How about an Athens Excel?

Mathews Conquest 8?


----------



## ericwh (Feb 23, 2014)

VS the previously mentioned Martin Shadowcat? These are bows that I've seen mentioned for finger shooting but, other than the specs, I'm not sure how to compare them.


----------



## tguil (Mar 3, 2003)

If I were to buy a new finger bow, I'd just "suck it up" and buy the very pricey Hoyt Tribute. A darn near perfect finger bow.


----------



## TimG (Feb 9, 2011)

I shot fingers with a compound for a few years back in the mid 80's. I than shot recurves and longbows for the past 30 years. I've been having some shoulder and elbow issues, so I went back to shooting compounds. I just picked up a Mathews Apex 8, 42 1/2 axle to axle. Not bad noise wise and very comfortable split or three under at my 28" draw. It's a heavy mass weight bow but no more than a shorter compound dolled up with extras. i'm looking forward to the learning process. A week at 10 yards, a week at 20, a week at 30 and than onto walk backs each night. It shouldn't take long to groove in the sight pictures.


----------



## grantmac (May 31, 2007)

tguil said:


> If I were to buy a new finger bow, I'd just "suck it up" and buy the very pricey Hoyt Tribute.

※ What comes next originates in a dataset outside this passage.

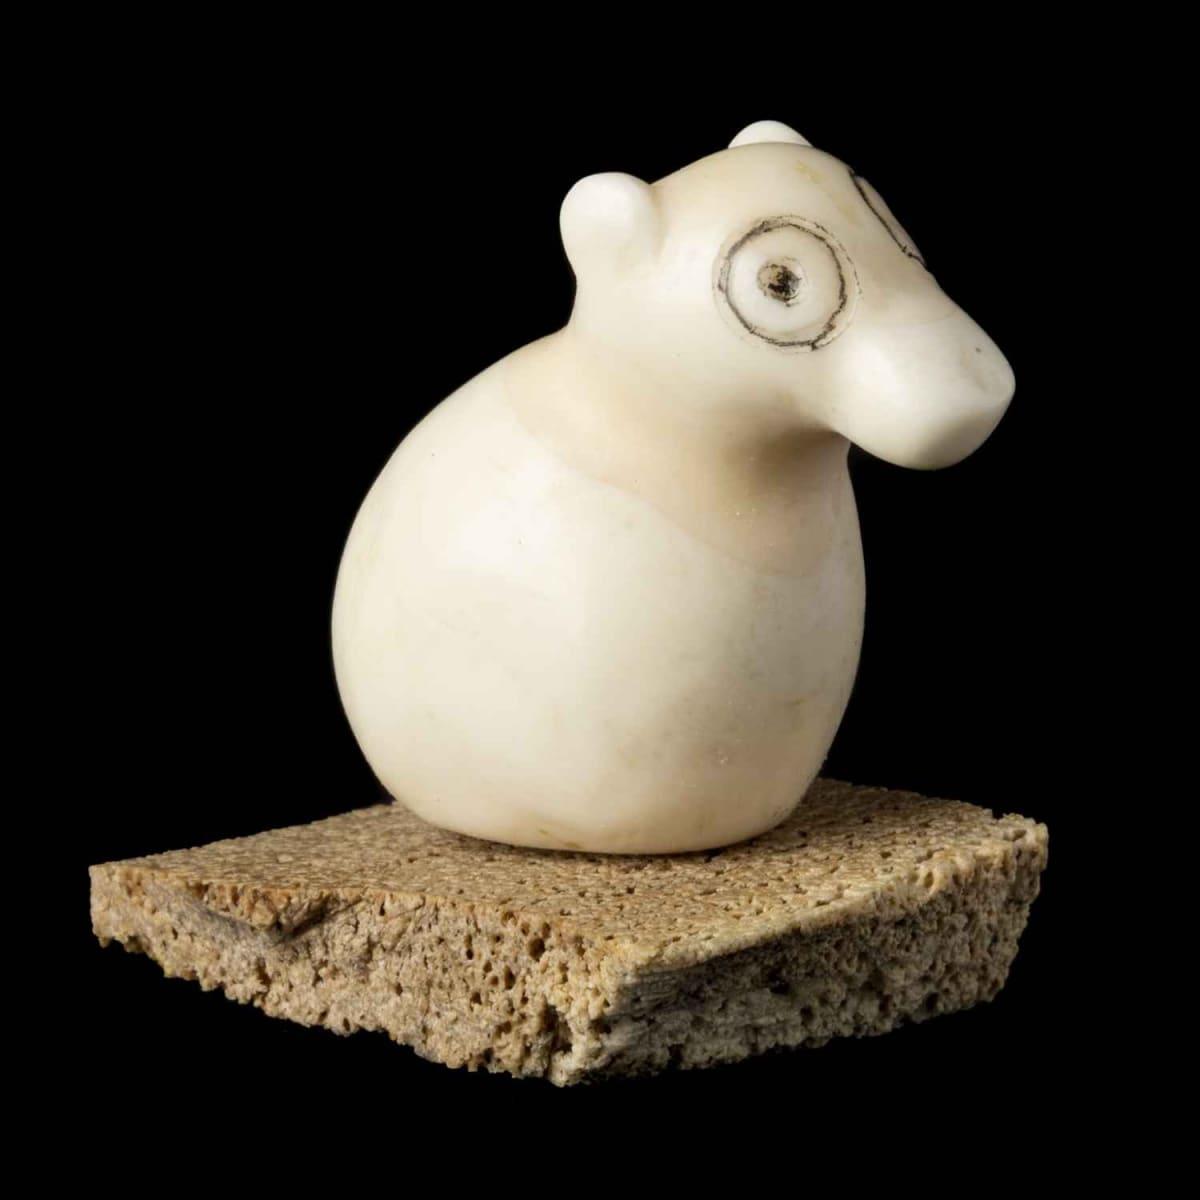 44. UNIDENTIFIED ARTIST, KUGAARUK (PELLY BAY) Rabbit, 1971

A darn near perfect finger bow.


But you have to budget in a decent set of cams and new strings to match.


----------



## tguil (Mar 3, 2003)

For bowhunting, a Tribute would be OK as is. I've owned several Hoyts with Accuwheels and they were just fine. I still have a mid-1980's Pro Hunter that I use every once in a while for "old times sake". It's a great shooting finger bow. A tad bit slow but still a good bow. About strings...factory strings are just fine until they need to be replaced.


----------



## Pete53 (Dec 5, 2011)

been shoot`n archery for 55 years or seems like all my life and now at 63 years of age I still enjoy archery a lot .since about 15 years ago I switch to using a release aid my fingers are just to beat up anymore and the new compounds are getting to short too. but with using a release aid I am dang accurate out to 70 yards when shooting fingers 40 yards was almost to far to be accurate for me many other bowhunters too ? try both ways then decide,good luck,Pete53


----------